Legal one. We still mark our "getting together" anniversary though, that would mean more to me than the party anniversary.

As for buying a house, I can't say that's an anniversary we celebrate?! Just remember.

FlatandFabulous · 13/10/2020 21:57

@notheragain4 How funny, DH and I still celebrate our anniversary of meeting too - it was 31 years this year. Everyone we know think we are really strange to celebrate this as well as our wedding anniversary.

Dowser · 13/10/2020 22:10

I have three but seeing as how the first ended in a messy divorce, I’ll discount that.
Although I did get a pang that this year should’ve been my 45th and it was just a few days before celebrating my 5th, which was a couple of months after my second wedding.

My first second wedding was in a registry office and our second wedding was on a beach with 25 guests and family, so that’s the one we take as the official one.

It’s very complicated isn’t it?

Dowser · 13/10/2020 22:11

I’ve also bought ( and kept ) 5 wedding dresses and only worn three of them.

karmakameleon · 13/10/2020 22:24

We had two weddings. I wanted a religious ceremony but the religion I belong to isn’t officially recognised for the purpose of marriage in the UK, so we needed a registry office wedding to make it legal.
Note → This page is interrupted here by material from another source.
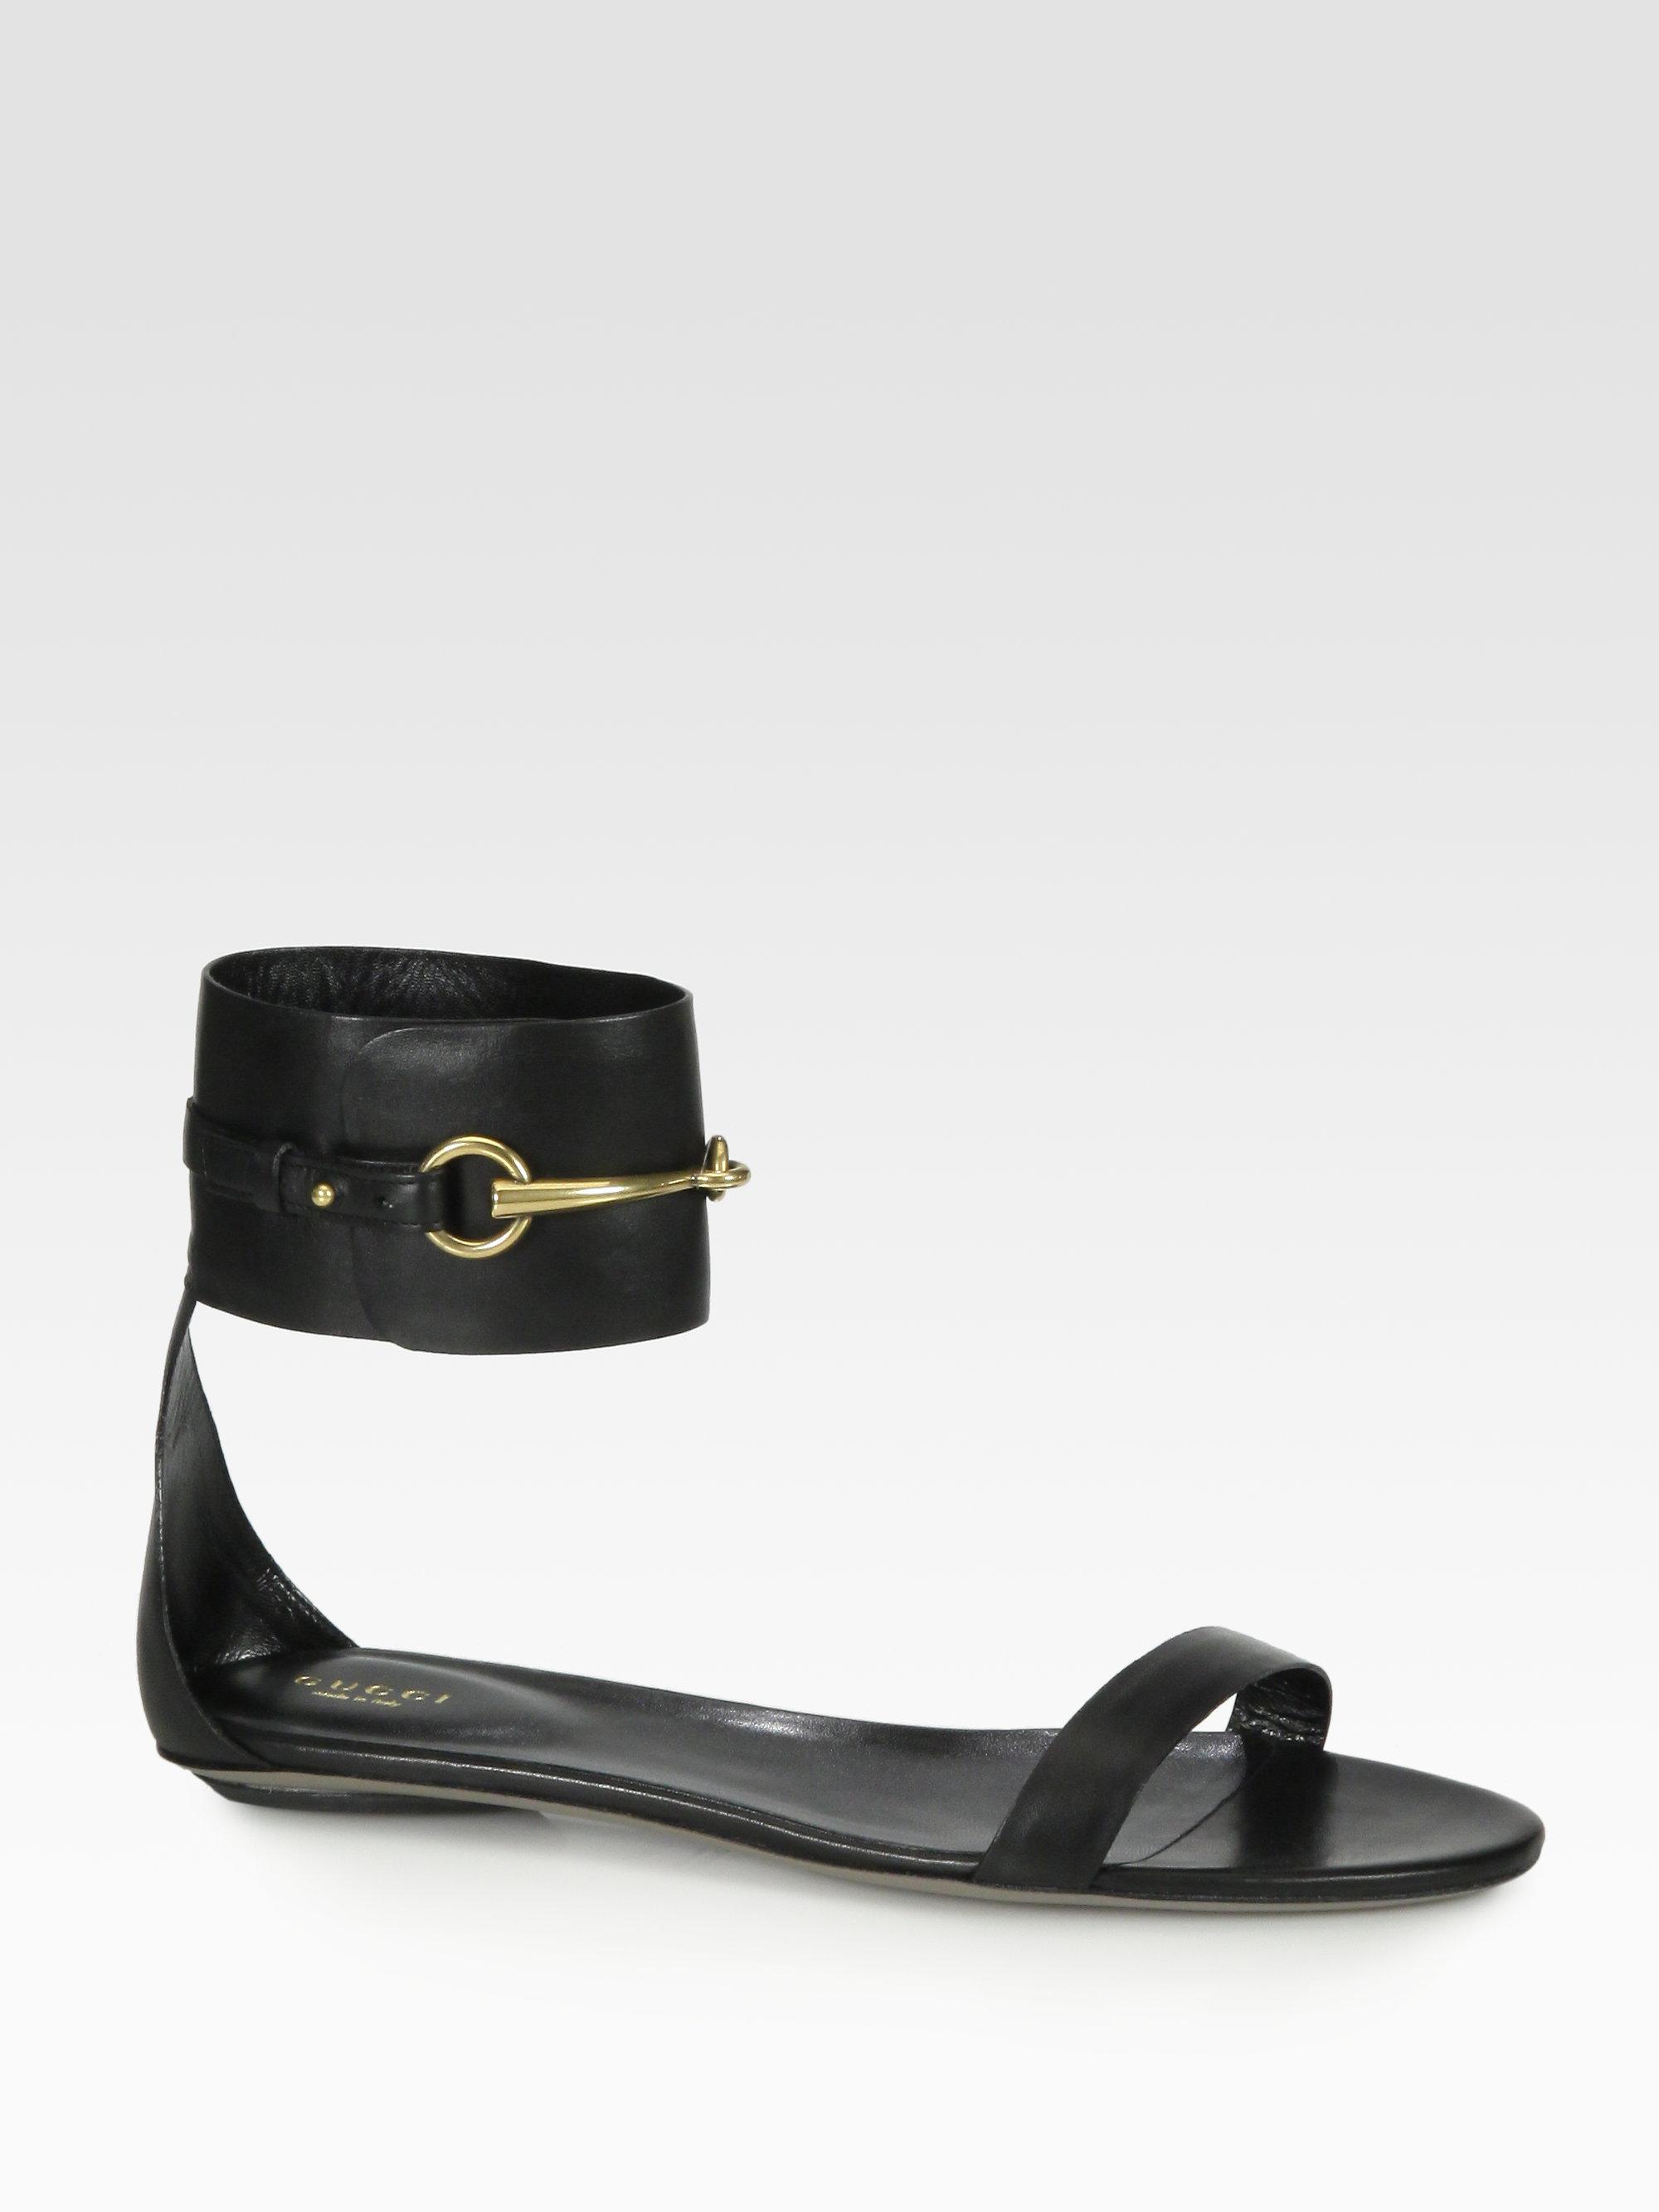 6cae803ccf15 Lyst - Gucci Ursula Leather Horsebit Ankle Strap Sandals in Black

Our ‘real’ wedding and the one we celebrate is the religious one that we invited all our family and friends to, and that would be the same for all members of my religion here.

Catchytune · 14/10/2020 17:36

Thanks everyone.

Still got the usual comments from people that only had ONE wedding. Hopefully they read the comment s and realise that there are many reasons for a second wedding rather than just wanting a “show off” party.

I think most seem to celebrate the wedding they consider their wedding regardless of when they signed the papers. It wasn’t what I expected actually so it was a good question to ask.